(Data for review)

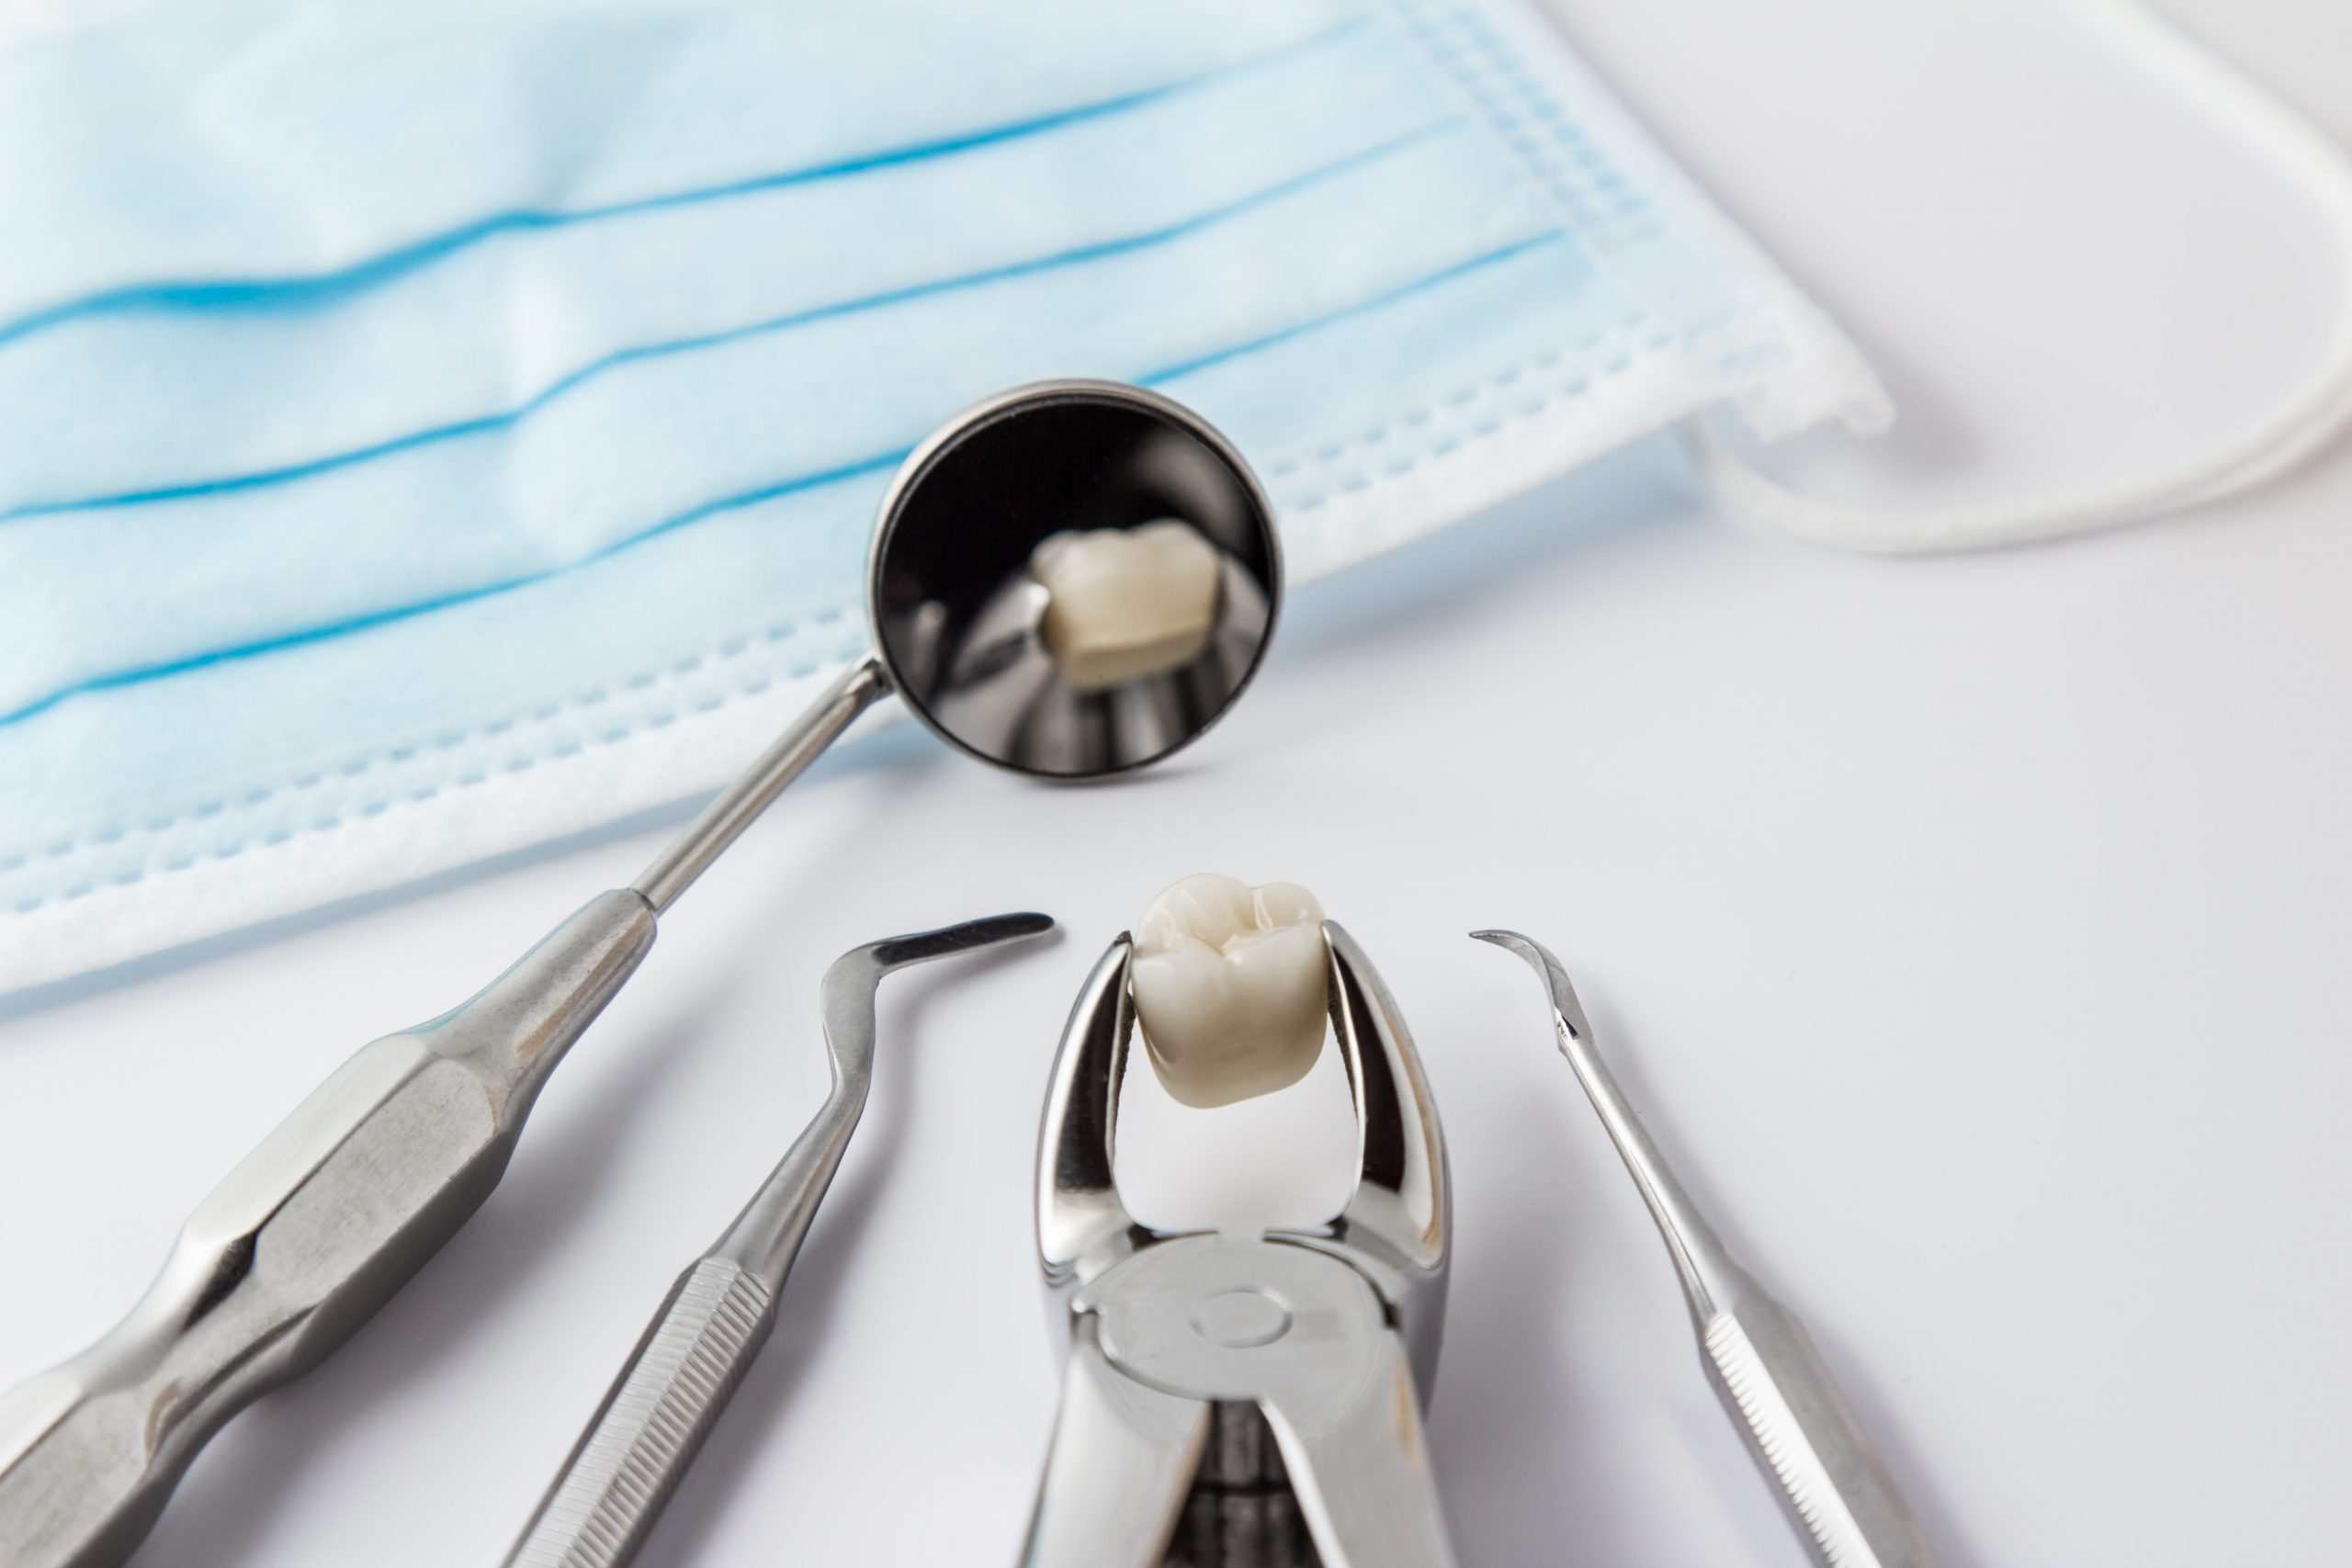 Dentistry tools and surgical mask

(End Data for review)
(Data for review)

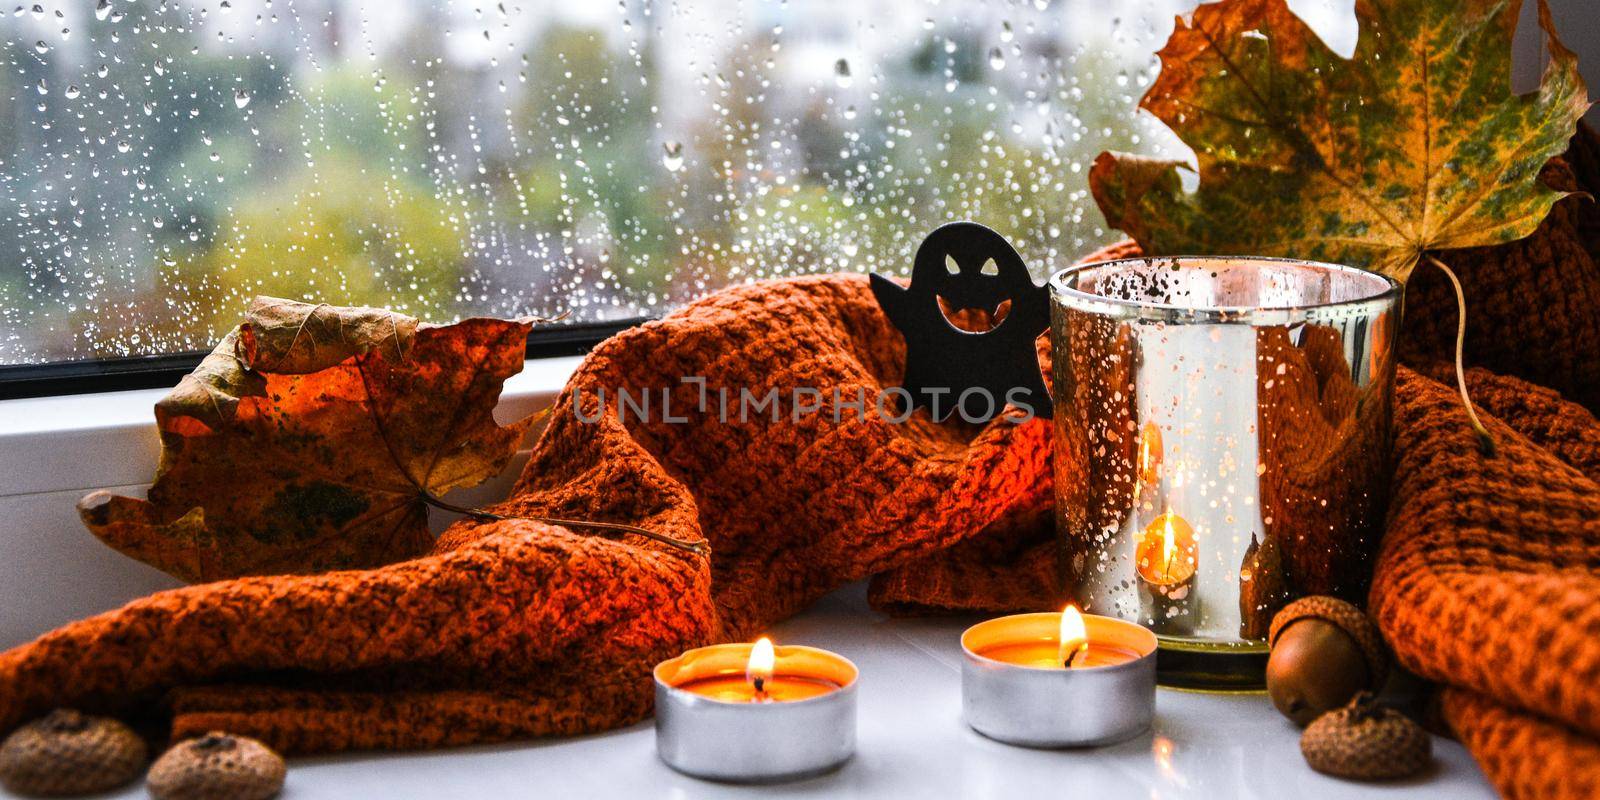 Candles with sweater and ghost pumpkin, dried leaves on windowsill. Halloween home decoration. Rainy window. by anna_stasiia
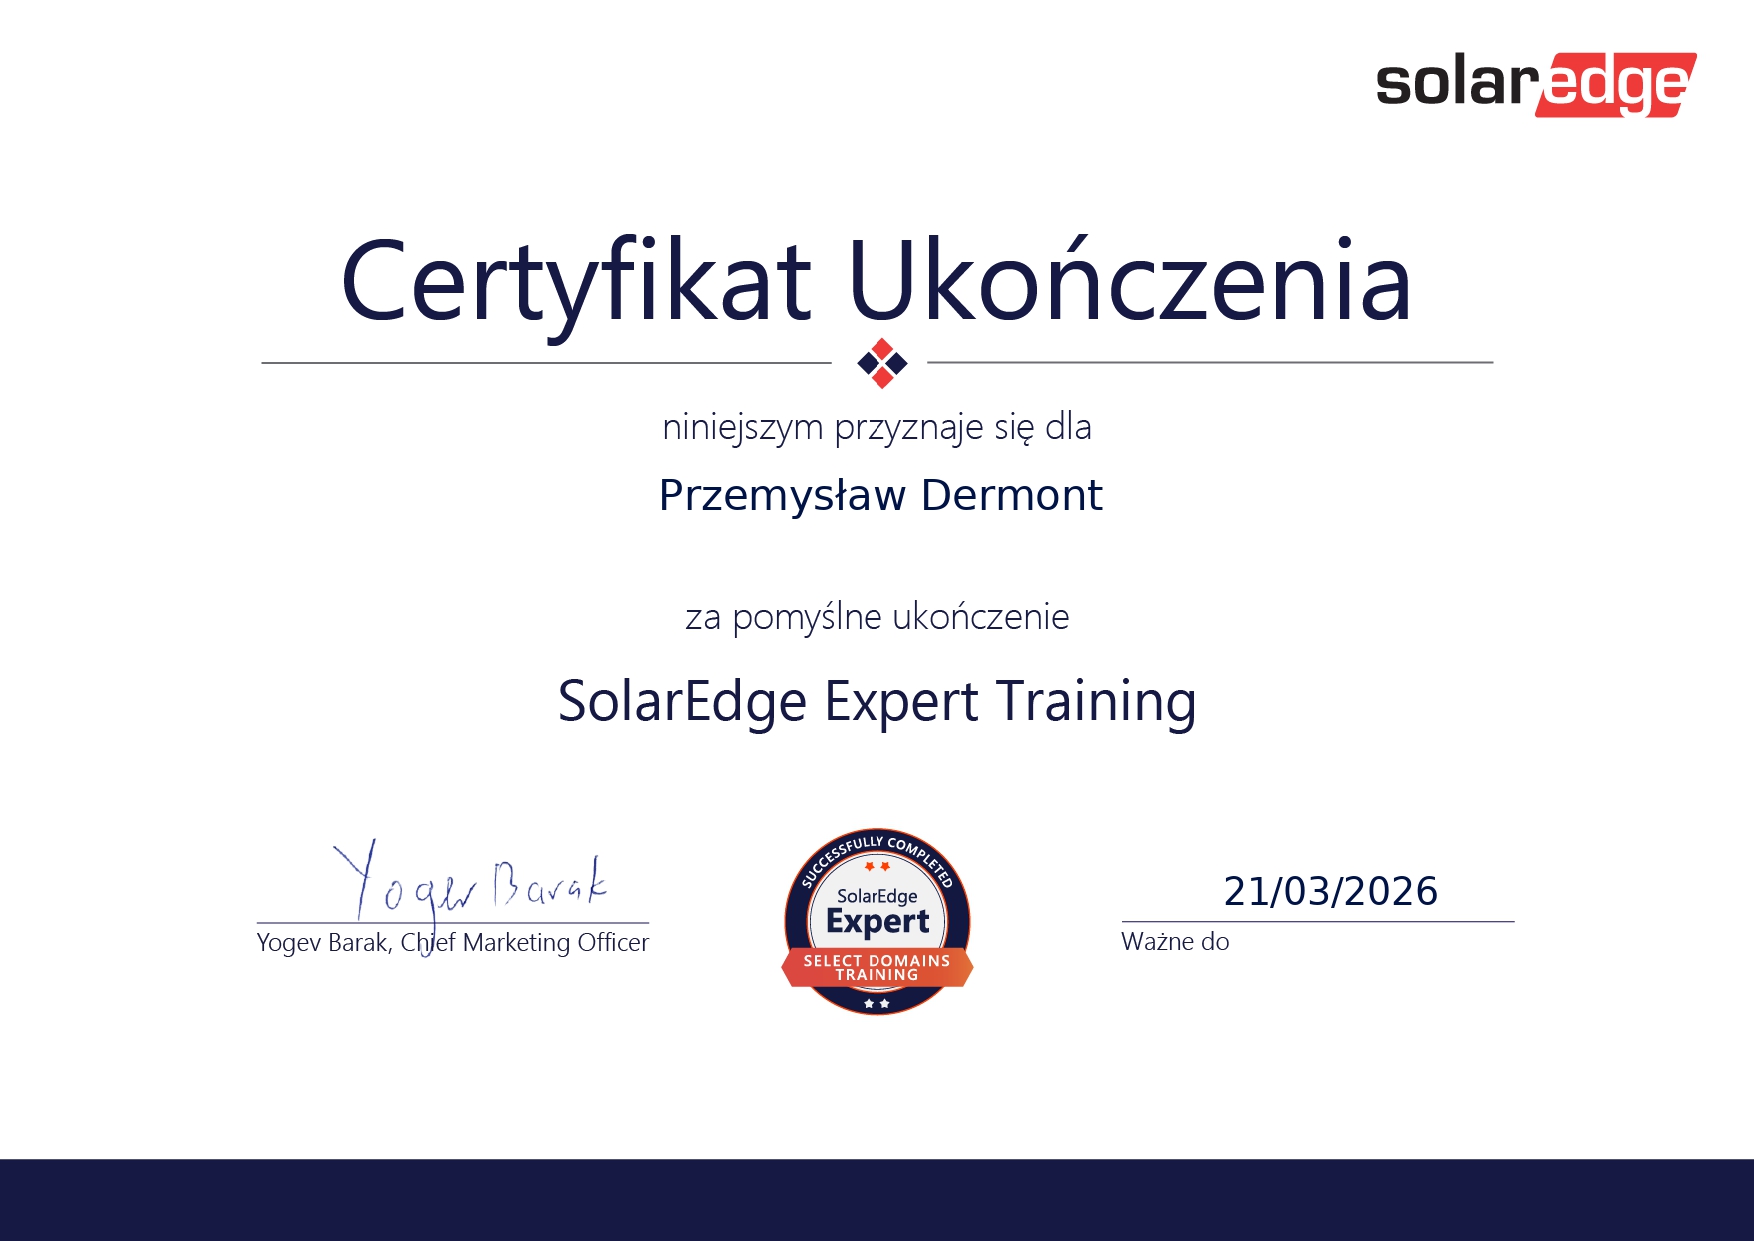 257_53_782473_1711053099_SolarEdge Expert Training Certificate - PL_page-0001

(End Data for review)
(Data for review)

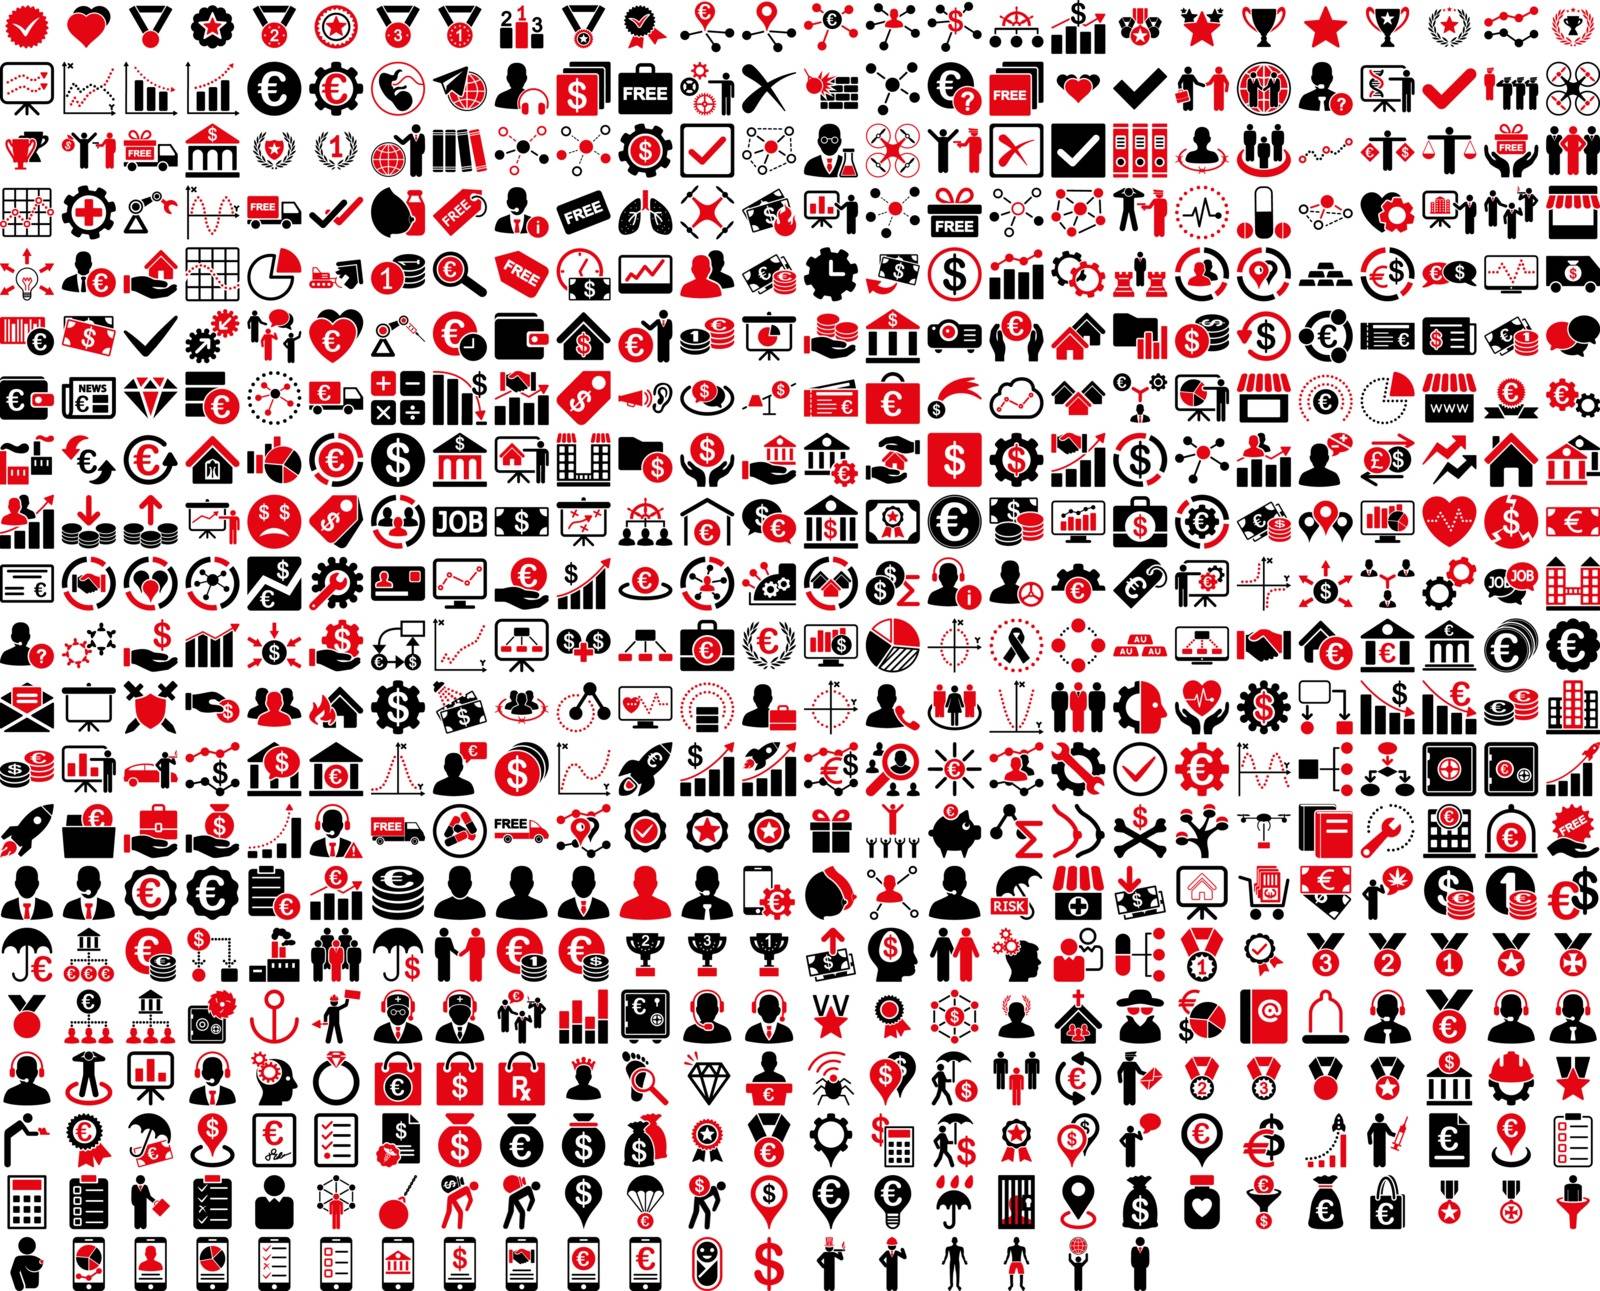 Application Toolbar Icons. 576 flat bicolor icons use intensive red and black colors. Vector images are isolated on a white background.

(End Data for review)

# What this task involves
Exact copy, pictures excluded: from the line with "Candles with sweater" up to and including the line with "257_53_782473_1711053099_SolarEdge Expert Training" in the data above.

# Finished task
 Candles with sweater and ghost pumpkin, dried leaves on windowsill. Halloween home decoration. Rainy window. by anna_stasiia
 257_53_782473_1711053099_SolarEdge Expert Training Certificate - PL_page-0001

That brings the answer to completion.